Сановный гость опаздывал. Мы злились — я и мой друг Козырьков. Работы было — невпроворот, а тут томись. Смотать бы удочки, да кусается. Лекция — политическая… Заподозрят… Начнут прорабатывать, исключат из комсомола, лишат стипендии, общежития… А потом, после диплома, загонят на работу в такую глухомань, куда ворон костей не заносил.

— О чем талдычить будет? — спрашиваю друга шопотом.

Козырьков был юркий парень — всё знал…

— На очереди кризис Западного естествознания, — доложил тоже шопотом. — Лекция о низкопоклонстве и космополитах — была; о том, что мы, русские, всё открыли и изобрели первые — была; о том, что мы, русские, всегда спасали Европу и весь мир от всех завоевателей — была; теперь на очереди… обломать рога Эйнштейну, Бору, Гейзенбергу, Шредингеру, Борну… Этот лектор — мастак по «гнилому Западу»…

Наконец профессор явился. Началось… Этот дядя громил, изобличал, клеймил, проклинал:

— Абракадабра двадцатого века!.. Закат Европы!.. Средствами математической казуистики пытаются доказать наличие нематериальной субстанции… Лакеи империализма!.. Отвлекают молодежь от классовой борьбы!.. Махисты! Фидеисты! Солипсисты! Позитивисты!.. исты!., исты!

— Вопросы есть?!

Тут-то я и не выдержал…

— Товарищ профессор, — говорю с места, — у Эйнштейна нигде нет идеальной субстанции…

— А формулы! — накинулся на меня наш сексот-парторг Фадеев. — По формулам длина и объем частицы при скорости света равны нулю; значит свет — нематериален!

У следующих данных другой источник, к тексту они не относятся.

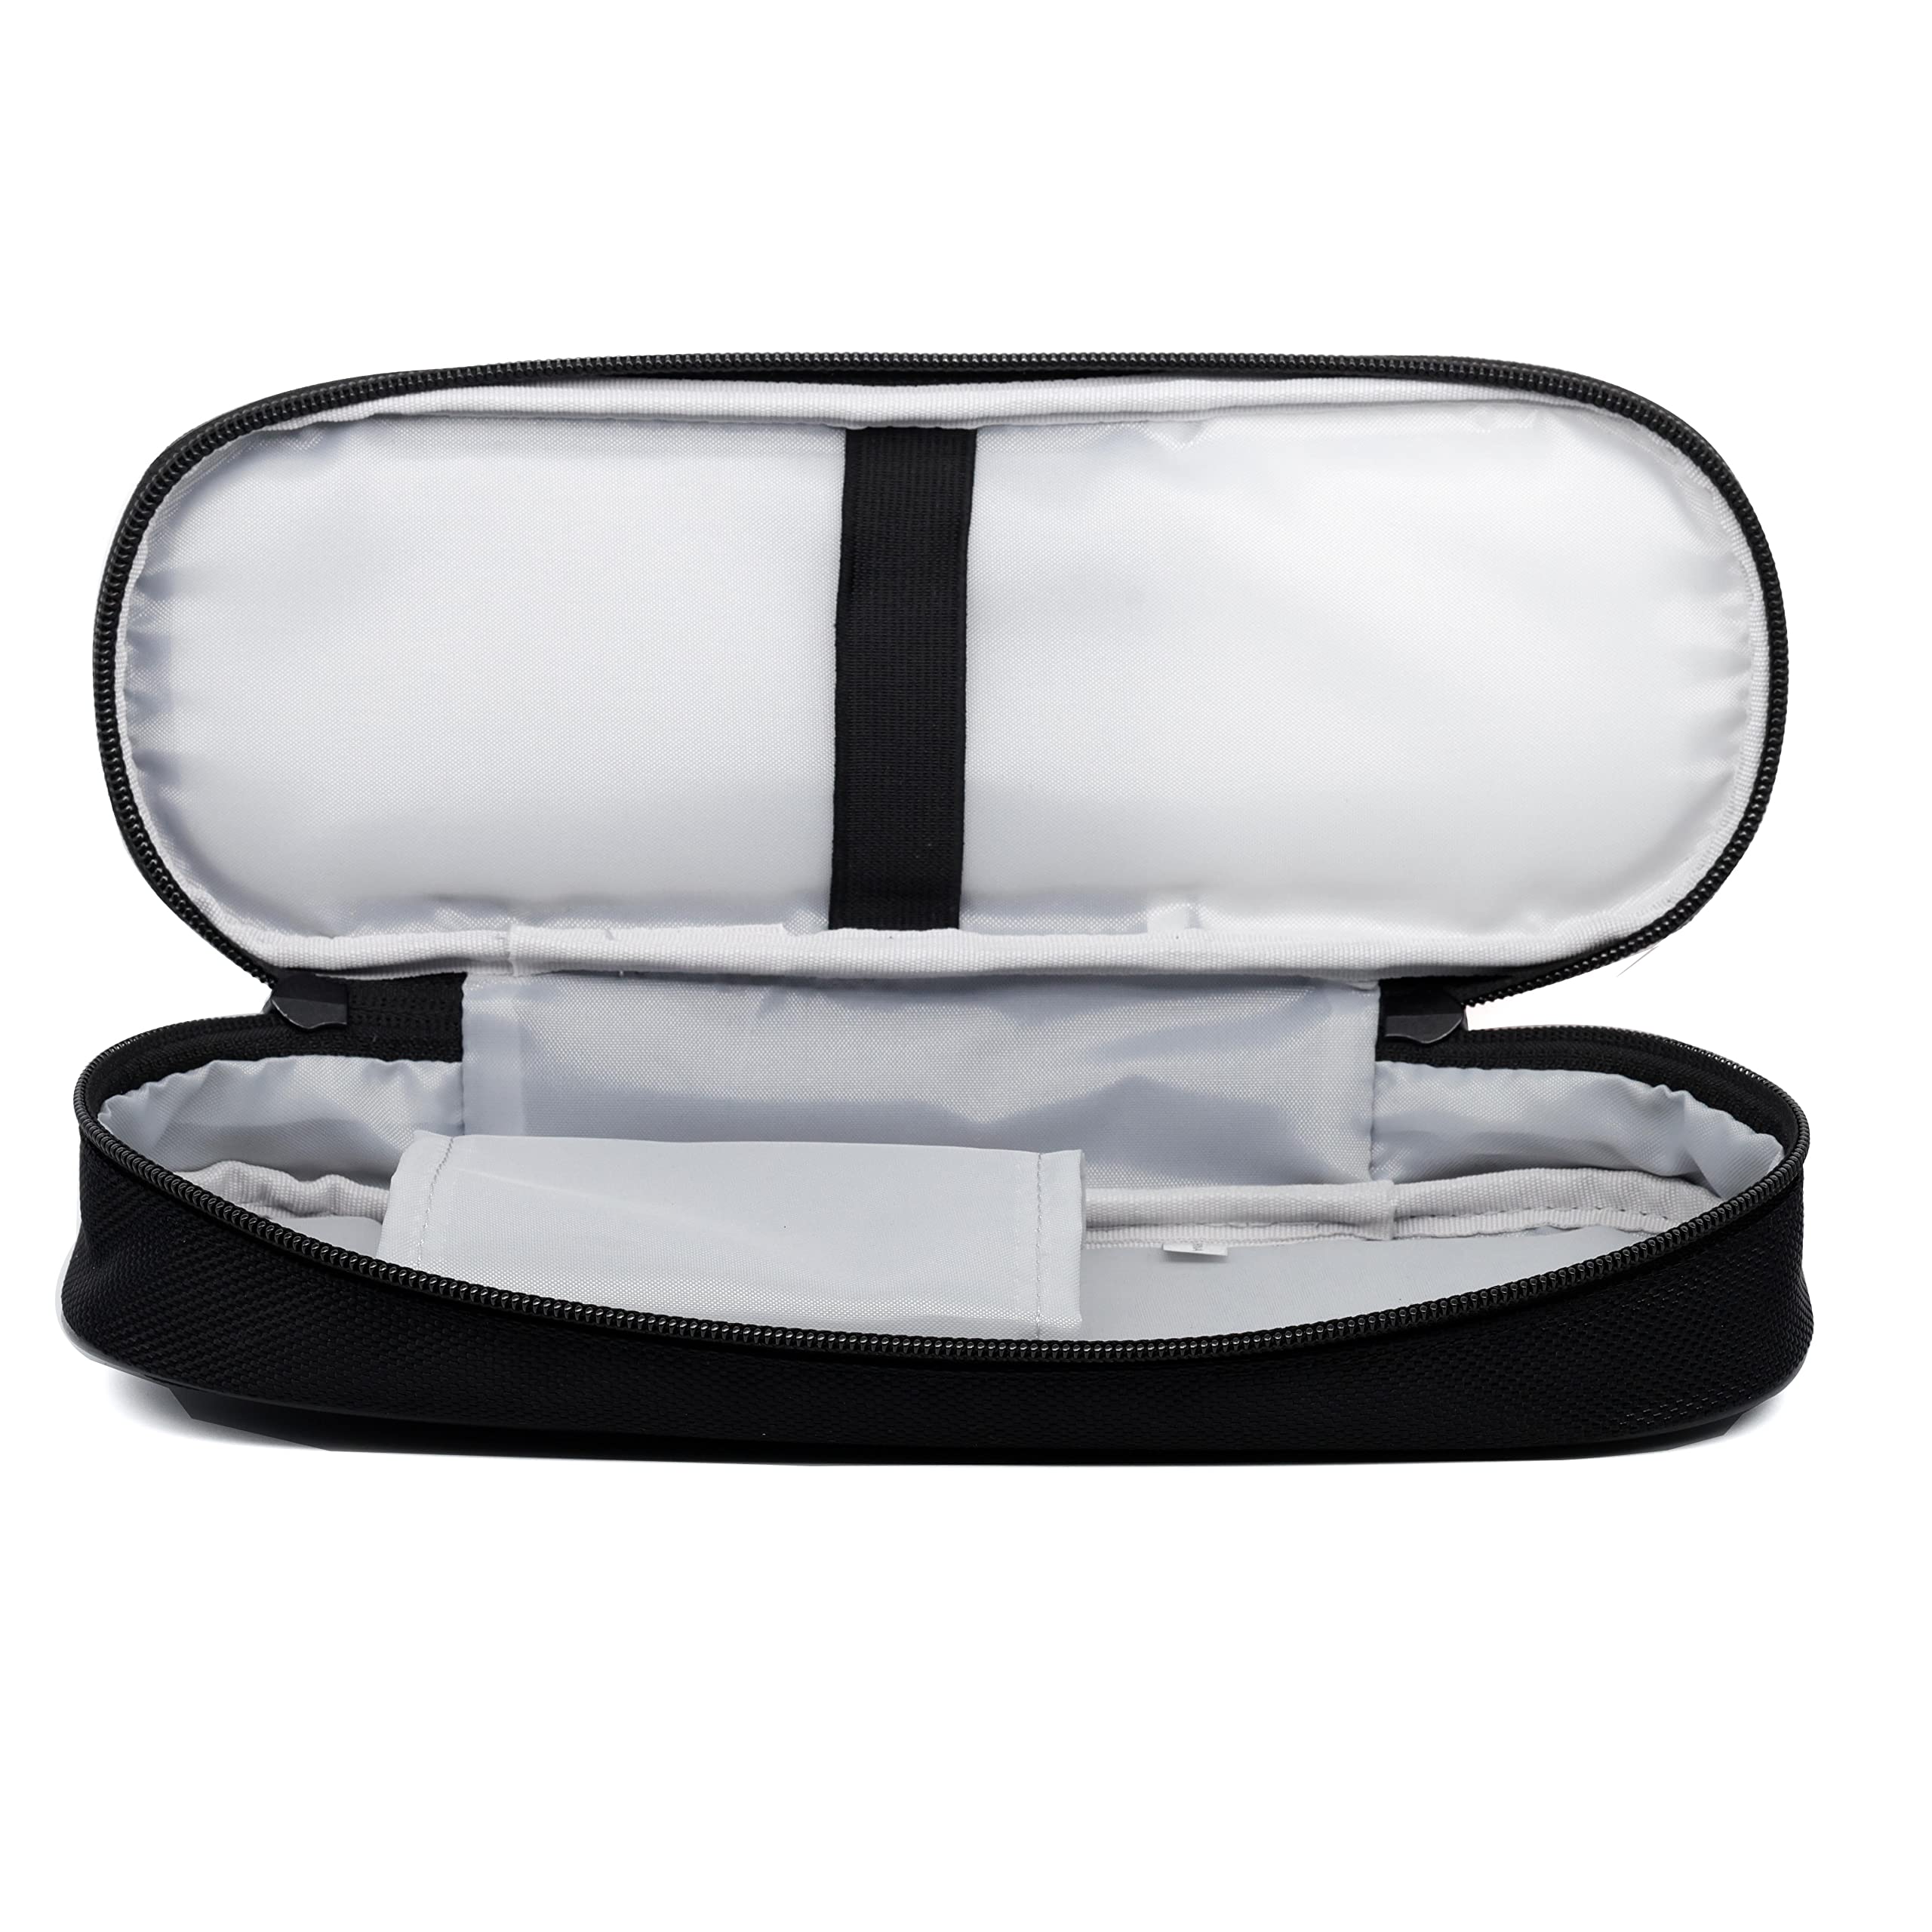 Clamp Meter Soft Case Storage Bag for Fluke T5-1000,T5-600 T6-600 T6-1000 302+

— Нуль — не символ отсутствия величины, — парирую я. — Нуль — математическая фиксация качественного скачка… И бесконечность тоже… Вспомните дифференцирование, интегрирование, уравнения гиперболы, нулевые значения производных…

Профессор меня прервал.

— Вот вам пример типичной наукообразной въедливости идеализма! Холуй капитализма! Безродные космополиты, а наше русское сало жрут! Иезуиты!.. Иуды!.. Мы не можем быть объективными — наша ненависть безгранична! В коммунизме нет таким места! В коммунизм мы пустим только достойных!..

— Пропал ты, пескарь-идеалист, — шепнул Козырьков. — Замуруют!

Он был прав… Прошло только два дня… За мной приехали — ночью.

— Бедный мальчик, — вздохнула Высоцкая.

— Разве я — мальчик? — прикинулся обиженным Пивоваров. — Во всяком случае, не для вас. Вы ведь приблизительно в моем возрасте.

— Ошибаетесь, — зарделась почему-то Высоцкая. — Я — стреляная птица. Чуть не полтора десятка лет назад замуж выскочила. Ясно? Вы — мальчик по сравнению со мной.

— Не верю. Мы — одногодки, — твердил Пивоваров. — Вы такая чудесная…

— Тихо, тихо, хватит, — испуганно зачастила Высоцкая. — Будем взрослыми.

Она направилась к двери и оттуда попросила:

— Пожалуйста, принесите мне сушилку. Хорошо?

Когда Пивоваров принес сушилку, Высоцкая поблагодарила его, назвав по имени.

— Вы знаете моё имя? — обрадовался Пивоваров.

— Имена симпатичных мальчиков женщины всегда знают, — услышал ошеломивший его ответ.

— Можно ли мне приходить к вам хоть изредка? — попросил он.

— Можно, но только очень редко и по какому-либо понятному всем поводу. Иначе разгонят нас фараоны. Меня зашлют еще дальше, а вас поволокут по кочкам карцеров, БУР-ов, штрафных лагпунктов. Ясно?

Если захотите мне написать, то аккуратно выньте гвоздики в этом углу фанеры, закрывающей дверной проём. У меня этот уголок фанеры тоже отстает. Я смогу брать и класть туда записки. Только тысячу раз осторожно. Когда положите записку, то потрите тряпкой фанеру, как бы стирая пыль. Я, положив записку, буду бить несколько раз молоточком в этот гвоздик. Доставая записку — закрывайте изнутри. Ни в коем случае не сохраняйте записок. Прочтите и сожгите. Никаких подписей, дат, фамилий, имён. Измените почерк.

Еще несколько минут объясняла Высоцкая Пивоварову правила конспирации, обещала подумать о коде, условных словах и лишь затем мягко выпроводила.

Она увидела, как вздрогнул и еще более покраснел Пивоваров, когда пожимал ей руку. Внезапно почувствовала Высоцкая как дрогнул подбородок и пронесся жаркий ток к пальцам.

Быстро отстранившись, она окликнула Пивоварова, рванувшегося к выходу:

— Сотрите улыбку! Спрячьте глаза. Нахмурьте брови. Сожмите челюсти. Думайте о плохом: о допросах, пытках, побоях, о слёзах мамы, об этапах, бараке… Вспомните Шубина… Вспомнили? Теперь всё в порядке. Идите.